Personal information
- Nationality: Pakistani (پاکستانی)🇵🇰
- Born: 21 April 1975 (age 51) Gujranwala, Punjab, Pakistan
- Height: 1.68 m (5 ft 6 in)
- Weight: 96 kg (212 lb)

Sport
- Sport: Wrestling (کُشتی)
- Event: Greco-Roman & Free style & Traditional
- Club: Jinnah Health Club جناح ہیلتھ کلب
- Coached by: Ch. Shabbir Hussain Lala Muhammad Anwar

Medal record
| Event | 1st | 2nd | 3rd |
| South Asian Games | 4 | 2 | 0 |
| Commonwealth Games | 0 | 0 | 1 |
| Commonwealth Wrestling Championships | 0 | 2 | 4 |
| Total | 4 | 4 | 5 |
South Asian Games
| Gold medal – first place | 1993 Dhaka | 68 kg |
| Gold medal – first place | 2004 Islamabad | 96 kg |
| Gold medal – first place | 2006 Colombo | 96 kg |
| Gold medal – first place | 2010 Dhaka | 96 kg |
| Silver medal – second place | 1995 Madras | 82 kg |
| Silver medal – second place | 1999 Kathmandu | 85 kg |
Commonwealth Games
| Bronze medal – third place | 1994 Victoria | 68 kg |
Commonwealth Wrestling Championships
| Silver medal – second place | 1993 Victoria | 62 kg |
| Bronze medal – third place | 2007 London | 96 kg |
| Silver medal – second place | 2009 Jalandhar | 96 kg |
| Bronze medal – third place | 2009 Jalandhar | 96 kg |
| Bronze medal – third place | 2011 Melbourne | 96 kg |
| Bronze medal – third place | 2011 Melbourne | 96 kg |

= Muhammad Umar (wrestler) =

Pakistani wrestler

Muhammad Umar Pehlwan (Urdu: محمد عمر پہلوان; born 21 April 1975) is a Pakistani (پاکستانی) freestyle, Greco-Roman and traditional wrestler. His nickname is Rustam (رُستم).

He was given Best Player of the Year Award by the Government of Pakistan in 2009. He won four gold medals in 1993, 2004, 2006 and 2010, at the South Asian Games. He also won two silver medals in 1995 and 1999 at the South Asian Games, He won a bronze medal in the 1994 Commonwealth Games in Victoria, Canada.
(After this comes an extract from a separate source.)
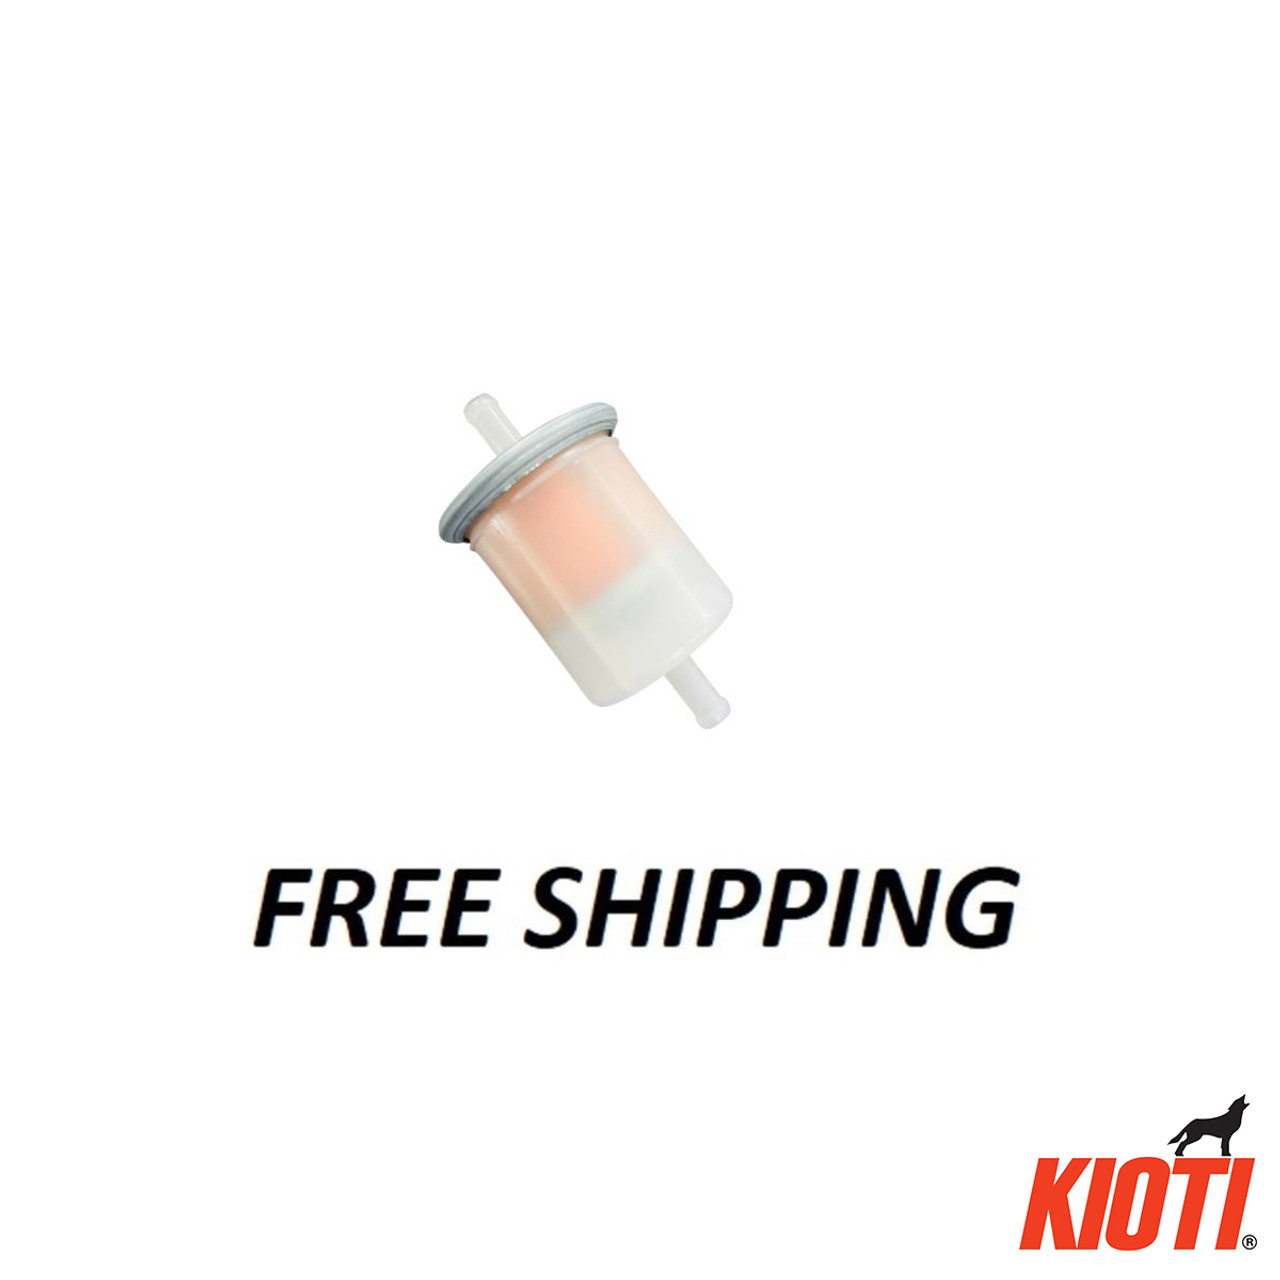 Kioti Fuel Filter for CS Series Tractor

He won two silver medals at the 1993 and 2009 Commonwealth Wrestling Championships. He also won bronze medals at the 2007, 2009 and 2011, Commonwealth Wrestling Championships. He became national champion at the senior level in 1991. The same year, he had his international debut at the senior level. He has also been active in traditional mud wrestling (دیسی کُشتی) where he has won Rustam-e-Gujranwala Division, Rustam-e-Punjab, Rustam Pak-o-Hind and Hind Kesari titles.
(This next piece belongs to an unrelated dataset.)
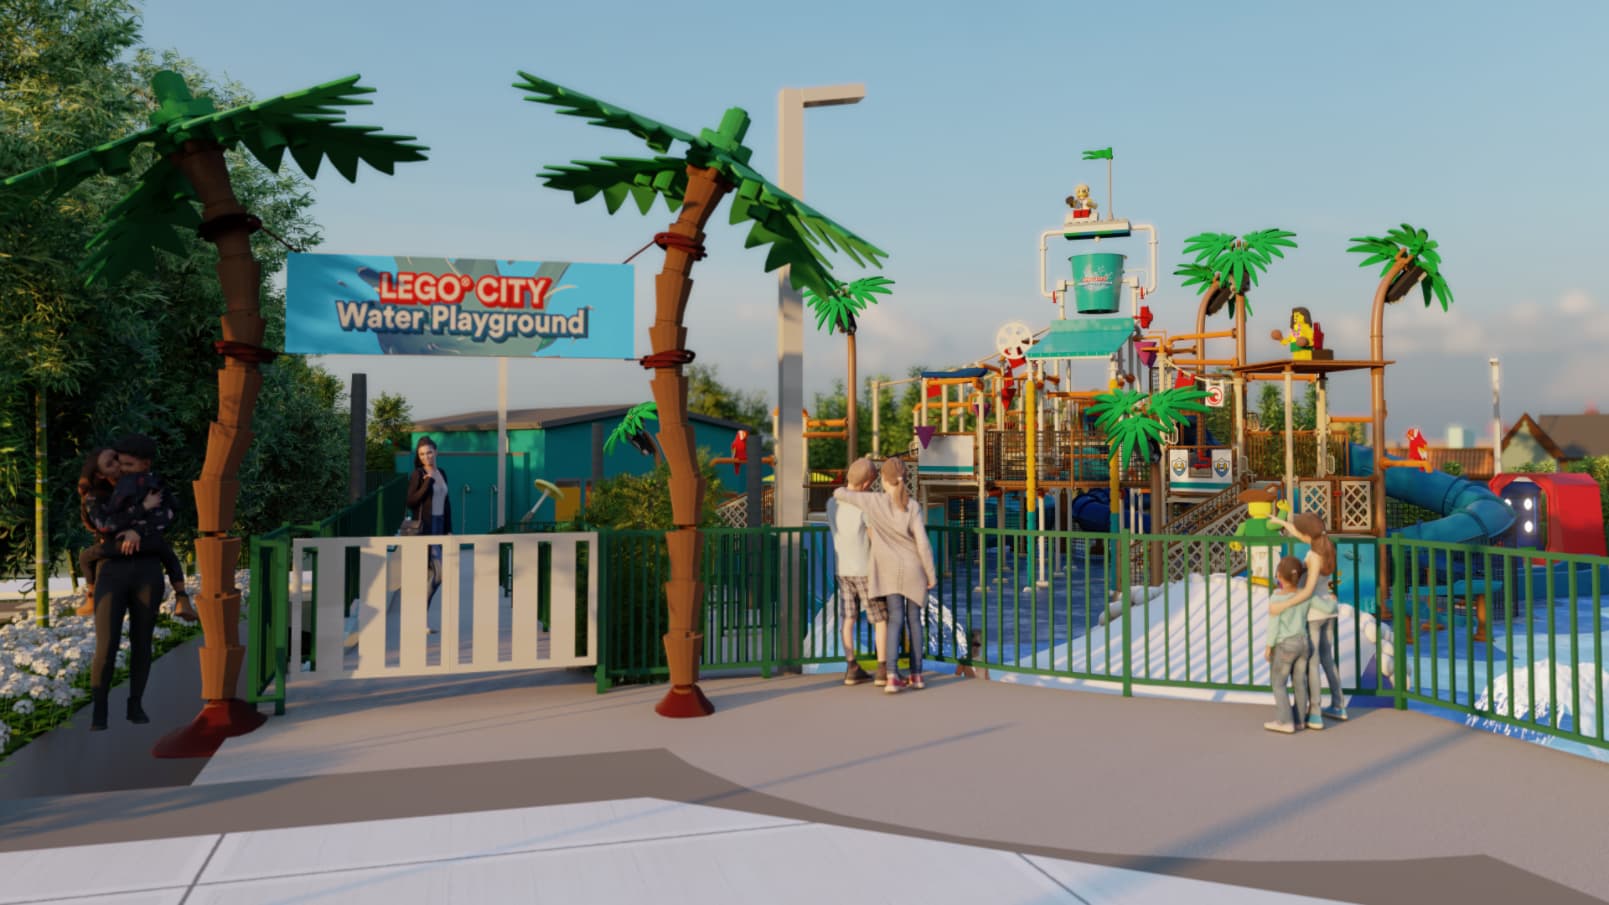 LEGO City Water Playground Entrance

He won gold medals in Senior Pakistan National Wrestling Championship and National Games 1991 to 2010. He has been regularly representing Pakistan in international championships and tournaments at freestyle and Greco-Roman wrestling from 1991 to 2011 and won many medals. He serves as a wrestler in Gepco, Wapda.

==Family background==

Muhammad Umar Pehlwan belongs to a well-known family of wrestlers in Gujranwala, Pakistan.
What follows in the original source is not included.